1. There is apparent runtime cost associated with using type parameters in code when it seems there shouldn’t be
2. Iteration of `CartesianIndices` exhibits worse performance compared to hard-coded nested loops
3. Splatting `Tuple(I::CartesianIndices)` in the “wrong place” greatly degrades performance

I am hoping someone might help me better understand and avoid these issues, further explained below, as I am planning to use patterns like those below in some performance critical code.

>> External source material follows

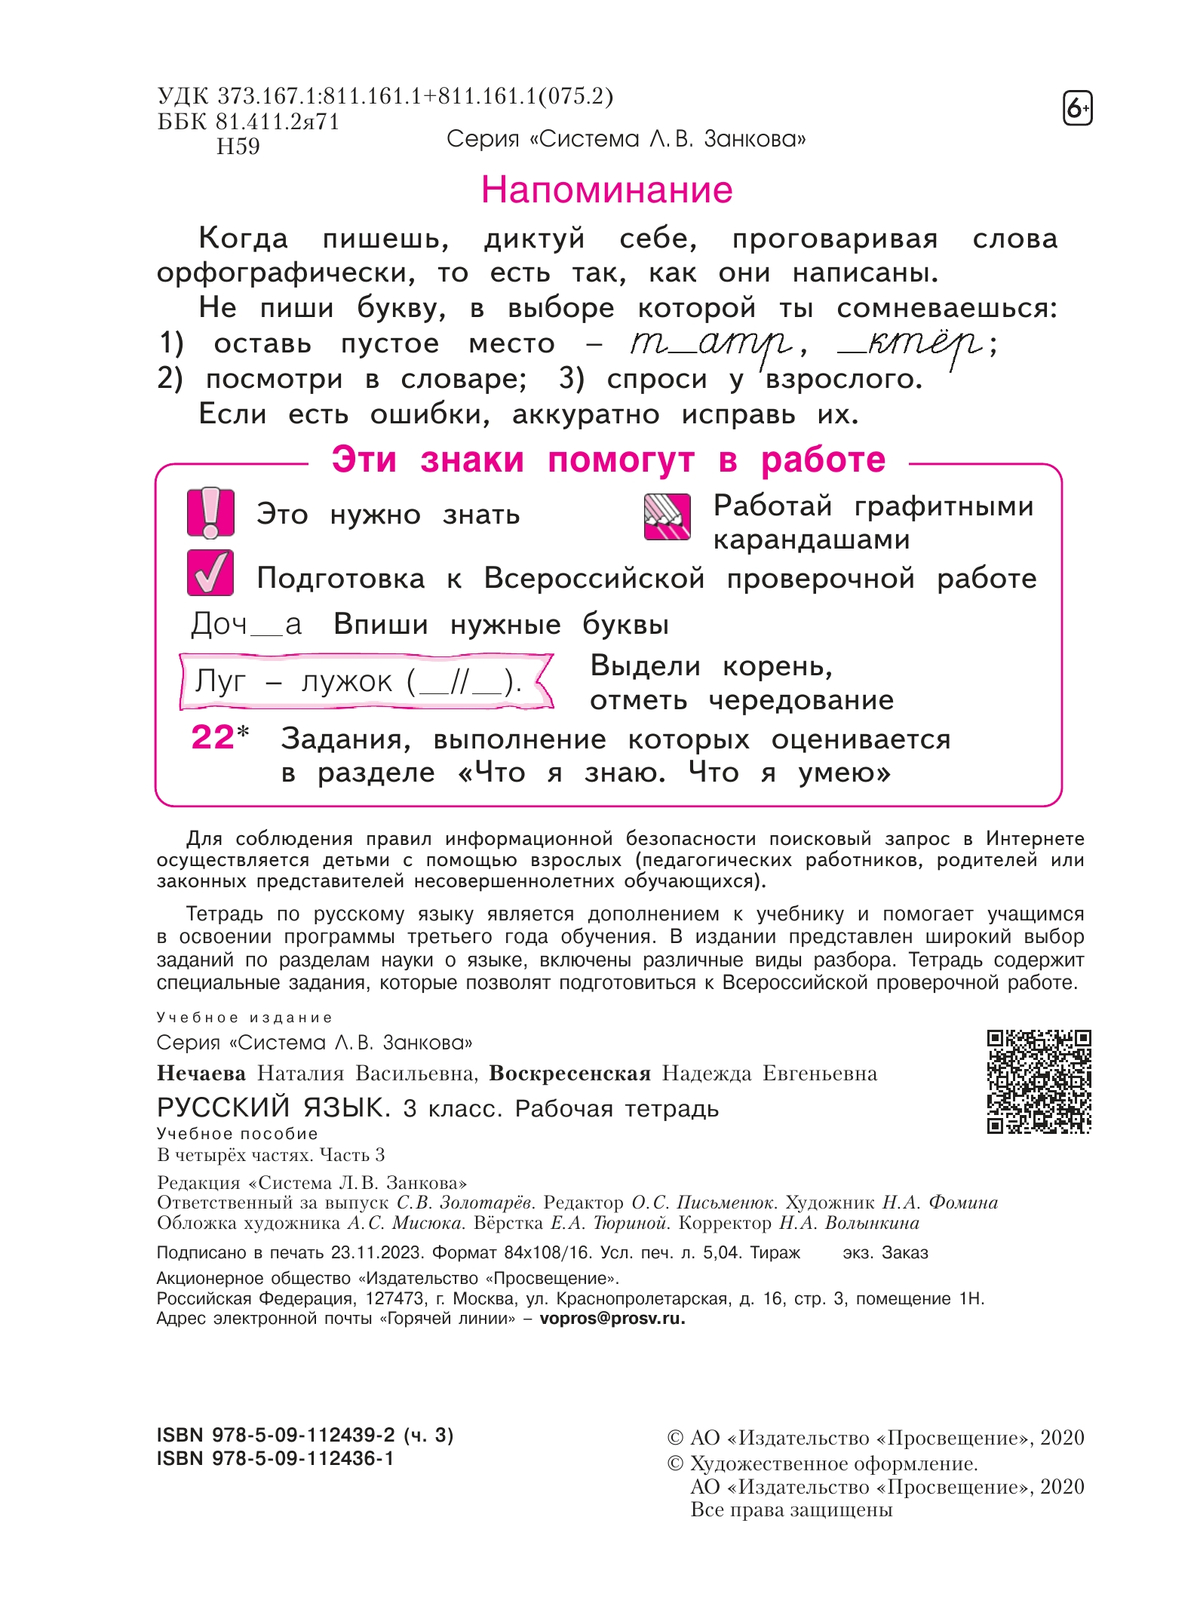 Русский язык. Рабочая тетрадь. 3 класс. В 4-х частях. Часть 3 2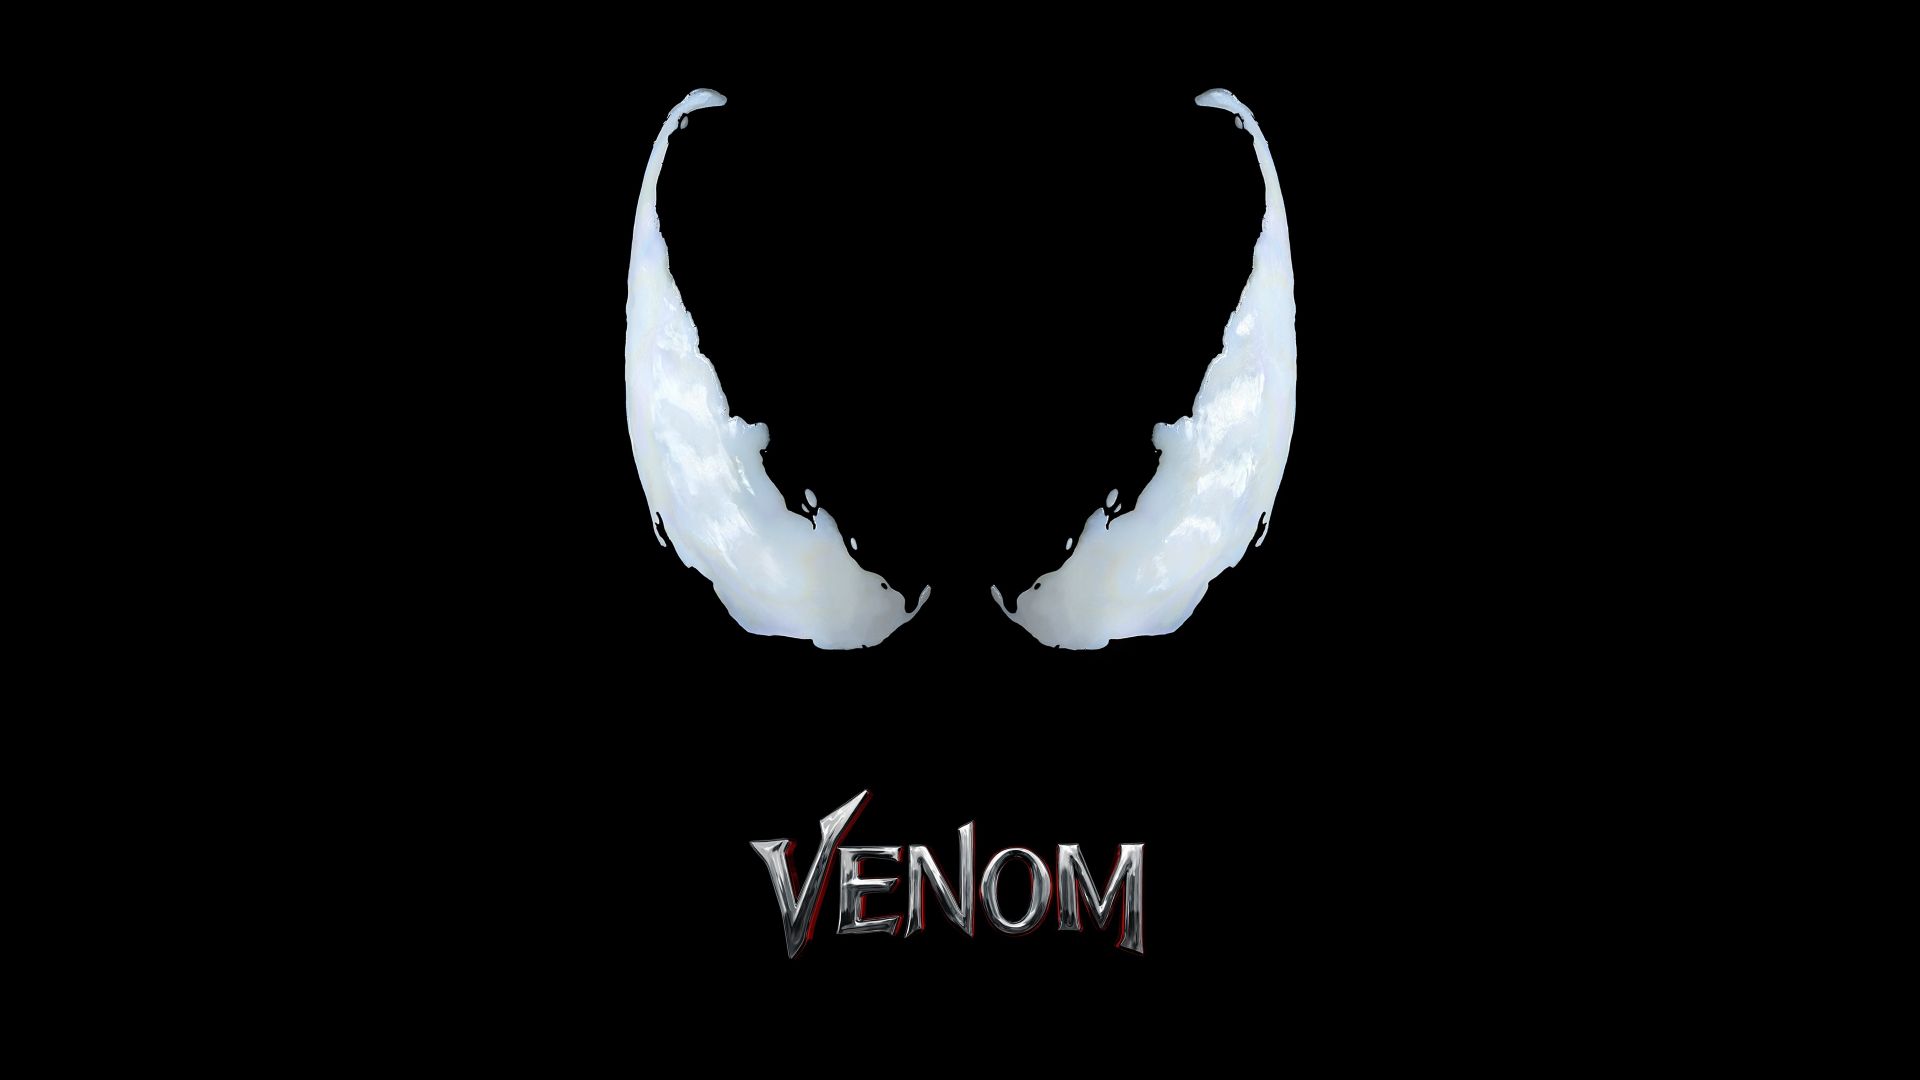 Venom, poster, 8k (horizontal)

I am mainly concerned with arrays whose `size` in each dimension is small (2-4) and whose `ndims` typically range from 1 to 6.

I am using Julia v1.7.2.

# Setup

The function `fnfill_nd!(A::AbstractArray{K}, f, D::Int)` below populates a `K`-dimensional input array `A` of size `(D, D, ⋯)` using a function `f` on the indices `(i,j,...)::Dims{K}`, `i, j, ⋯ ∈ 1:D`. For example, if `K=2`, `D=3`, and `f(i,j) = (i==j)`, the result of `fnfill_nd!(A, ==, Val(2), 3)` is equivalent to the 3×3 identity matrix. `fnfill_nd` has two methods: one where `D` is passed to `filleye_nd` as a regular variable, and one where `D` is inferred from the size the input `A::StaticArray`.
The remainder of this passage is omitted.